In 1993, President Bill Clinton submitted a budget request that excluded the Hyde amendment, but an amended version of the policy was later included and signed into law as part of the appropriations legislation.

House Democrats have promised to repeal the Hyde amendment in 2021, passing appropriations bills for the 2022 fiscal year that do not include the measure.

“We’re going to fight with everything we have to preserve Hyde protections,” House Minority Whip Steve Scalise (R-La.) said on June 16.

Smith said that, according to studies, Hyde has prevented millions of abortions.

“More than twenty peer-reviewed studies show that more than 2.4 million people are alive today in the United States because of the Hyde Amendment—with about 60,000 babies spared death by abortion every year,” Smith said on Tuesday evening.

“Years ago, then-Senator Biden wrote to constituents explaining his support for the Hyde amendment and said it would ‘protect both the woman and her unborn child,’” Smith said, quoting from a 1994 letter by then-Senator Joe Biden to a constituent.

Biden, in his letter, said he voted 50 times in favor of the Hyde amendment, and told constituents that “those of us who are opposed to abortion should not be compelled to pay for them.”

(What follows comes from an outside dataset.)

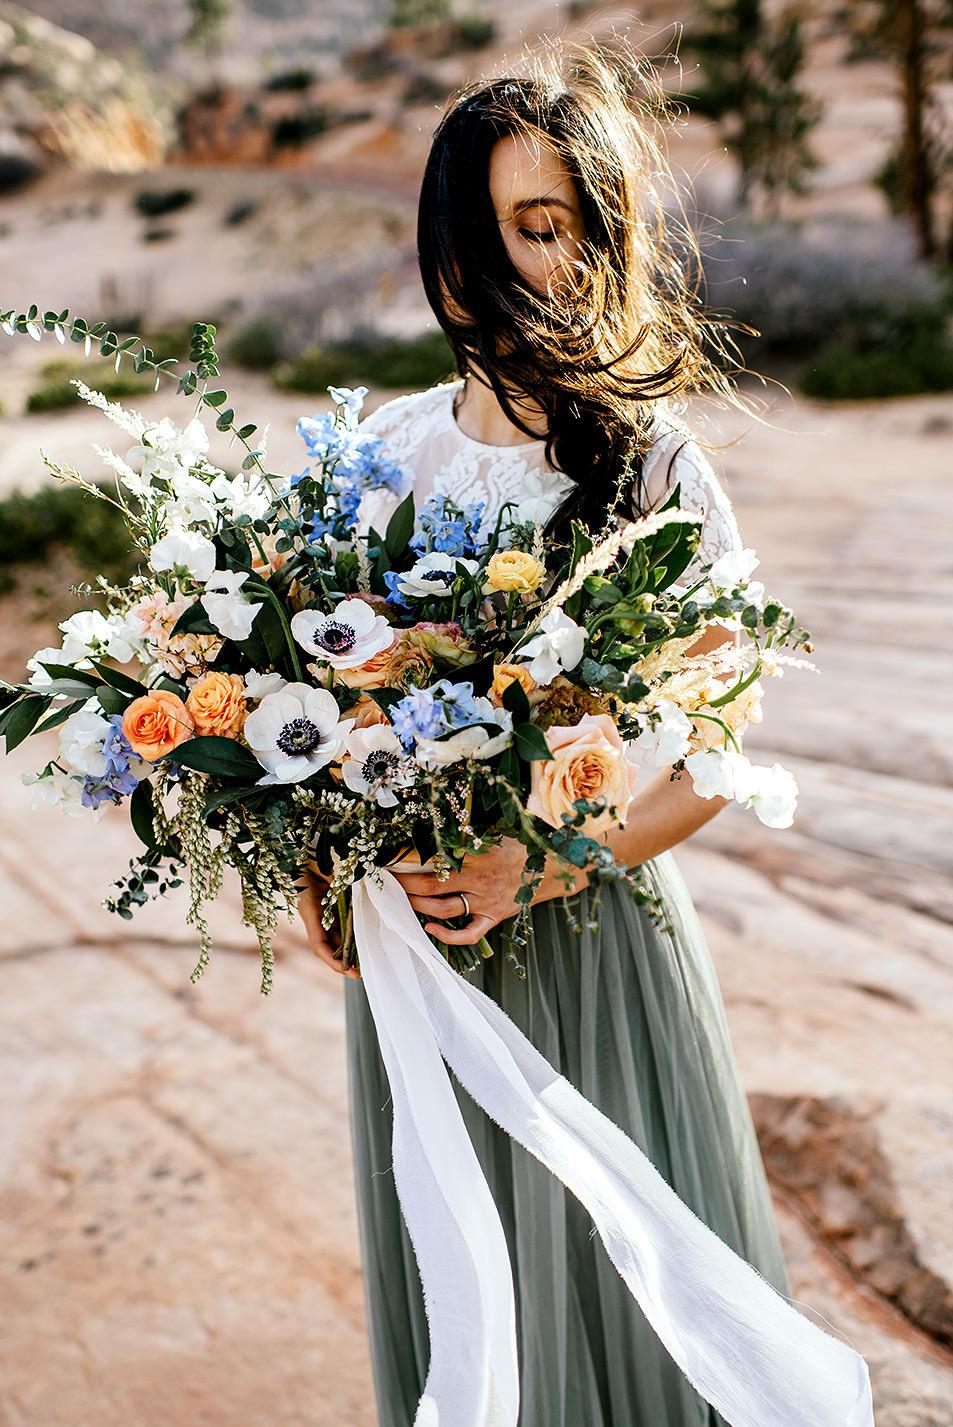 Zion_National_Park_Arizona_Wedding_Photographer_021.jpg
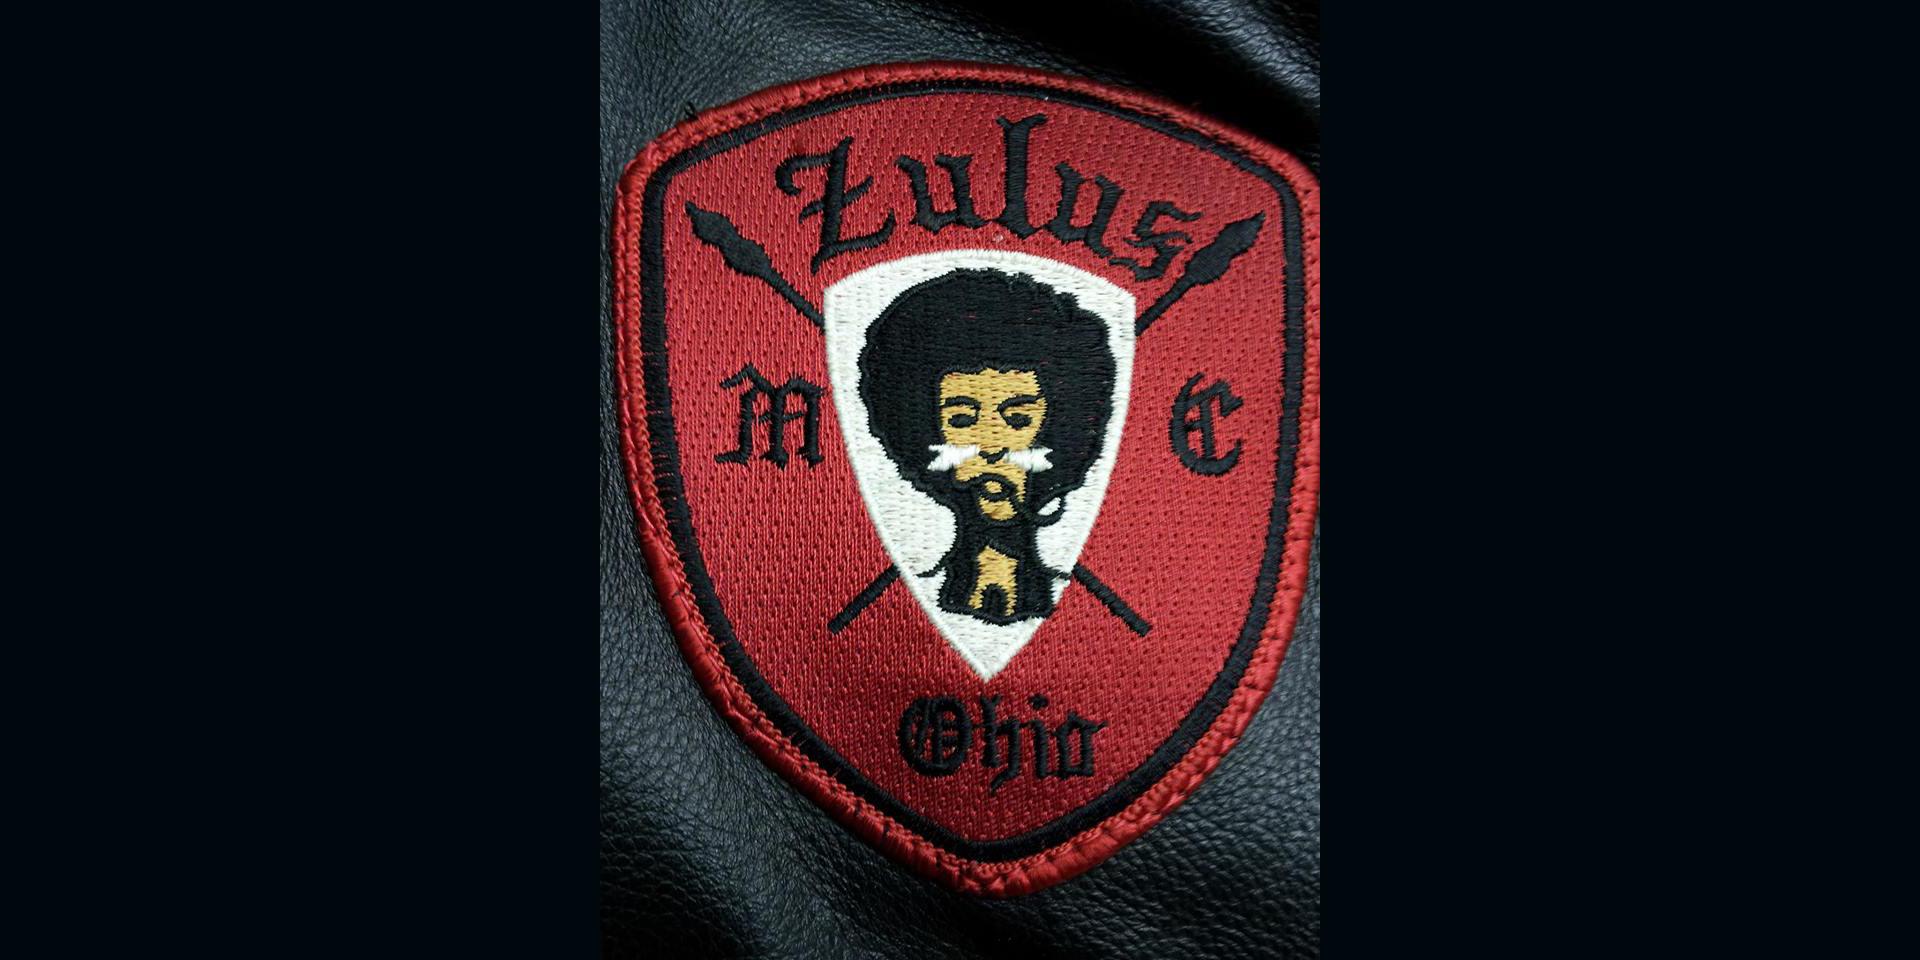 Zulus Mc Motorcycle Club One

“I absolutely agree—those of us opposed to abortion should not be compelled to pay for them,” Smith said.

Other pro-life policies could be at risk in the 2022 fiscal year budget process. The House Appropriations Finance Committee is advancing a funding bill for the District of Columbia and various government offices, but without the Smith Amendment, which prohibits funding of abortion coverage in the federal employees health benefits program. It also would exclude the Dornan amendment, which blocks federal funding of abortions in the District of Columbia.